Mr Trackman also considered that one or
two of the provisions of the scheme were unfairly burdensome. In particular,
the insurance covenant was attacked by him. That seems to me to be a matter
where I completely agree with the observations of Walton J, who observed that
it was one of the most natural of obligations to require reinstatement of
property which had been damaged by fire where one was considering what, by
definition, was an area when there was a unity of architectural expression, and
a requirement for that to be maintained. It seems to me that an insurance
obligation is one which is by no means an unreasonable or unfair or unduly
burdensome imposition upon freeholders, even after they are independent
freeholders and might claim a right to leave their properties uninsured. Where
there is a consideration of an overall scheme affecting freeholds, it is not
unreasonable to require that the freeholder’s freedom to leave his premises
uninsured should be fettered by requiring insurance, so long as that insurance
can be found by him with some insurer of his choice. There is here no
interference whatever with the freedom of the freeholder.

There was also a criticism of a right to
enter, which was reserved to scheme managers by the scheme, on the ground that
what mattered was the construction and appearance of the external parts of the
property. There was no need, said Mr Trackman, to come in to somebody else’s
property, even upon reasonable notice and within the daytime only, which is the
requirement provided.
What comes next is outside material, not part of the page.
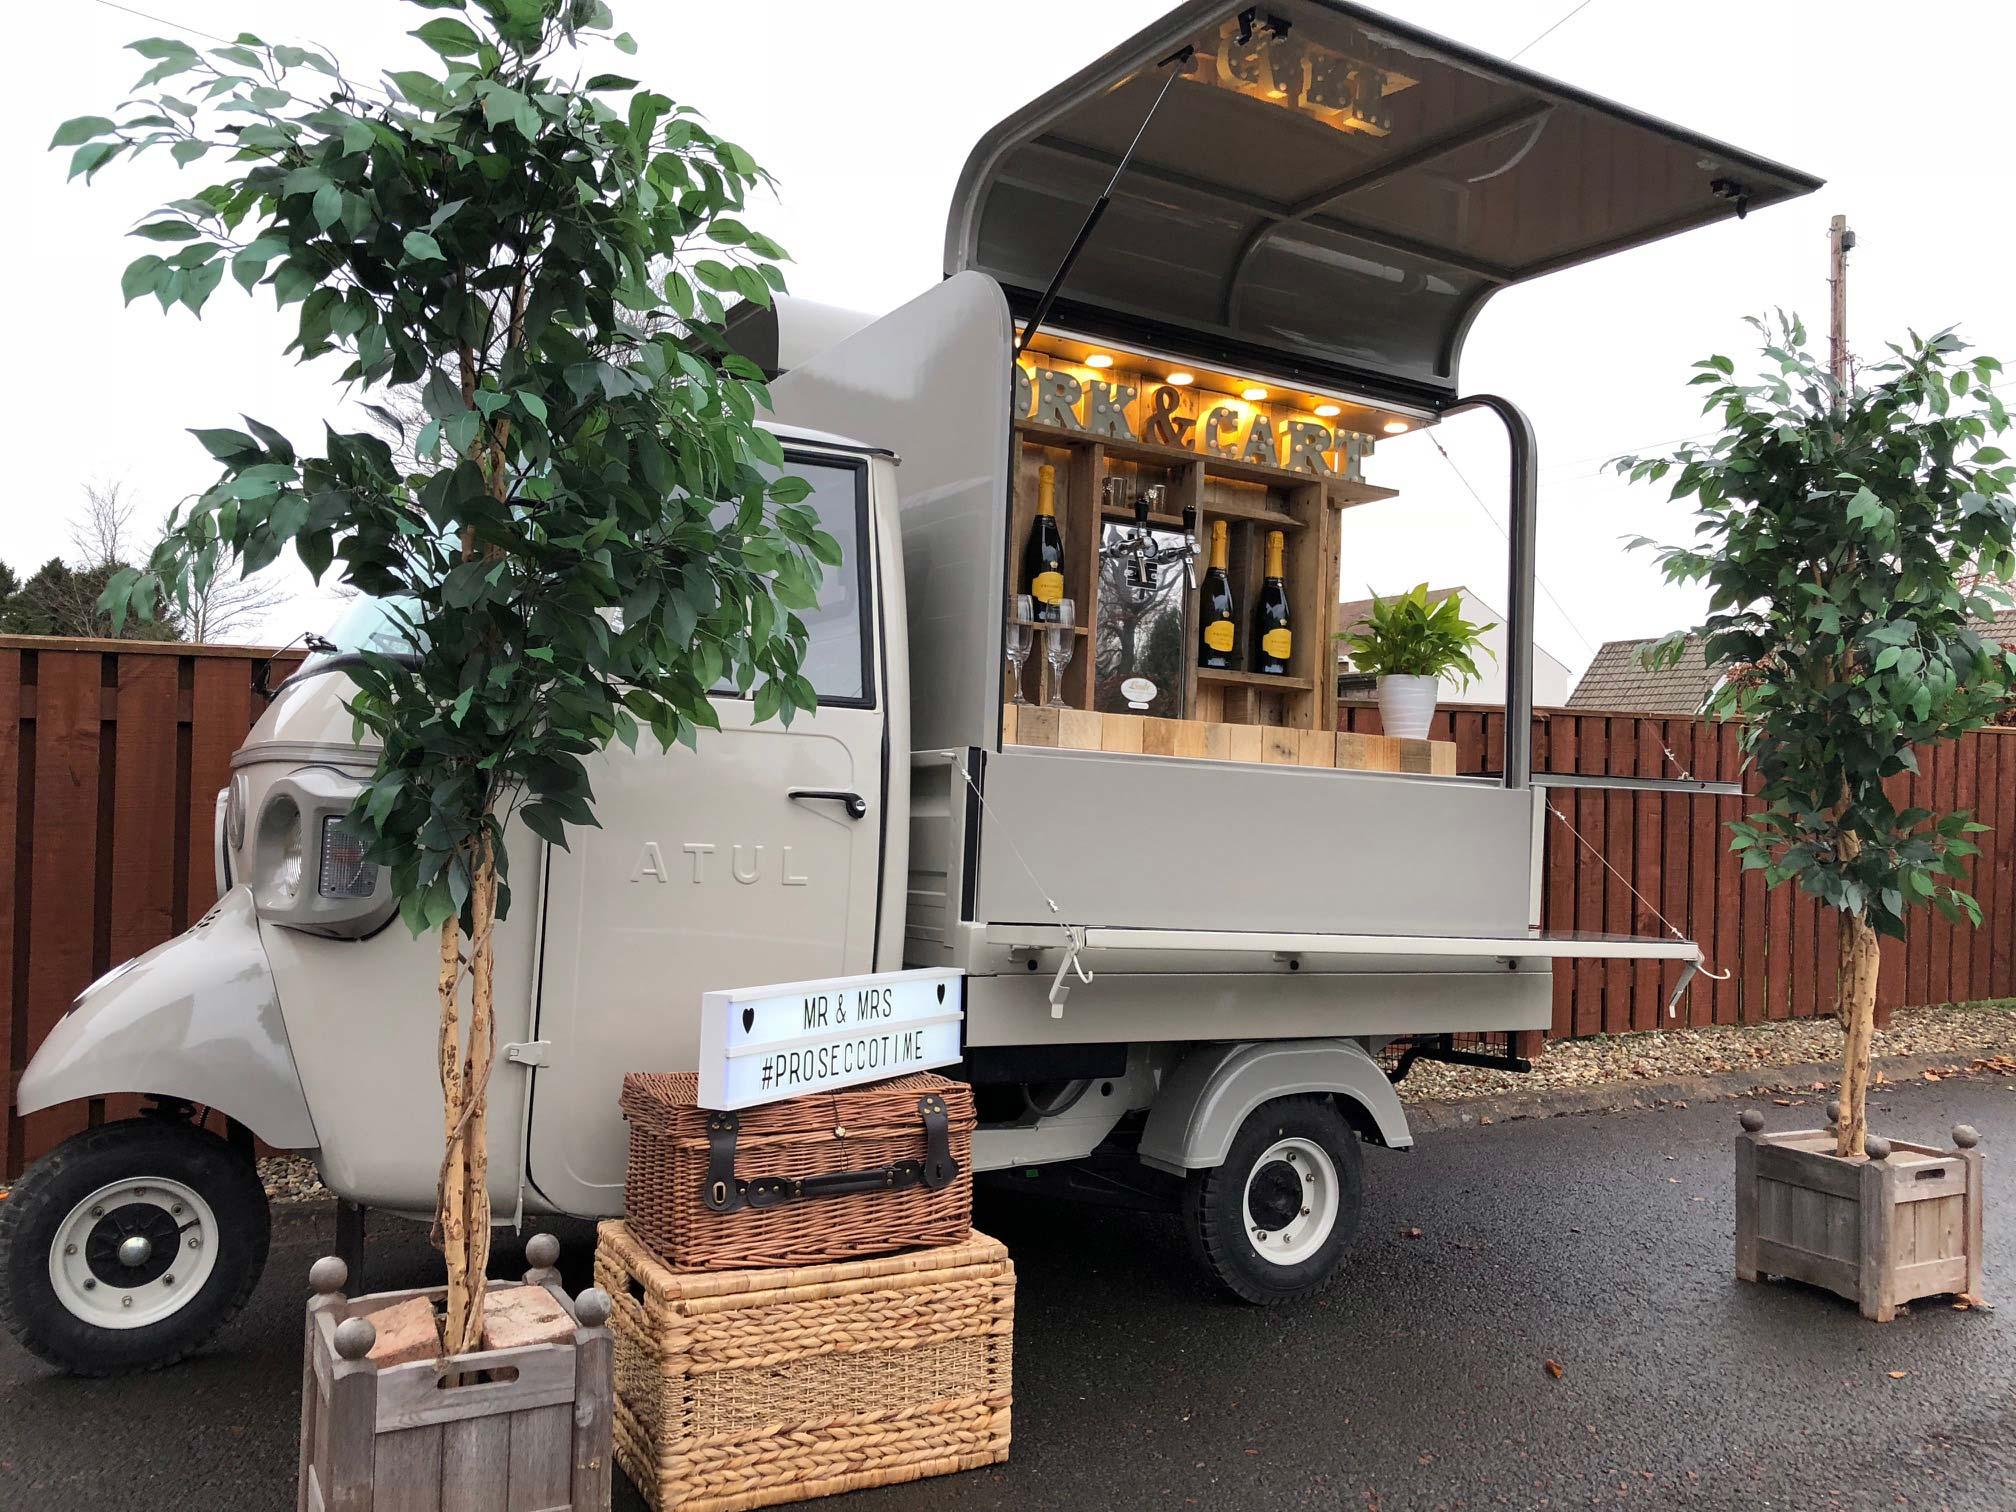 Cork & Cart Mobile Gin Bar

The answer to that was that one of the matters which is
of great importance here is the control of user of the premises and if rooms
might be being used for business purposes it might be very difficult to determine
that from outside, but quite easy by going round inside and seeing if
particular machinery or other things had been installed, desks laid out, and so
on, which would indicate a business user as opposed to the residential user
which Mr Trackman entirely supported was a proper purpose of the scheme to
ensure.

The further observation made by Mr
Etherton was that structure included internal structural parts of the premises,
that if they were falling into disrepair they might lead, for example, to a collapse
of a roof. Thus it was right to give power to inspect so as to ensure that the
repair of a house did not get so bad that the whole place collapsed, requiring
complete rebuilding, when earlier inspection could reveal a defect which could
be remedied at much less disruption and smaller cost. I find that consideration
less persuasive than the user point, but both introduce relevant points which a
reasonable scheme manager controlling an estate as a whole, even of freeholds,
could reasonably require and I do not, therefore, consider that objection made
out.

There were various small drafting
amendments which arose in the course of consideration of this scheme. Those
will have to be incorporated in a revised scheme, but in general and in summary
I will say that I am satisfied that this scheme is fair and practicable, does
not impose an unreasonable burden upon any freeholder in the future, allows
proper consultation and influence to freeholders over the future use of their
premises, and is one which I would approve, subject only to the drafting
details, which have been discussed, being written out in a clear form. I shall,
therefore, make an order in those terms.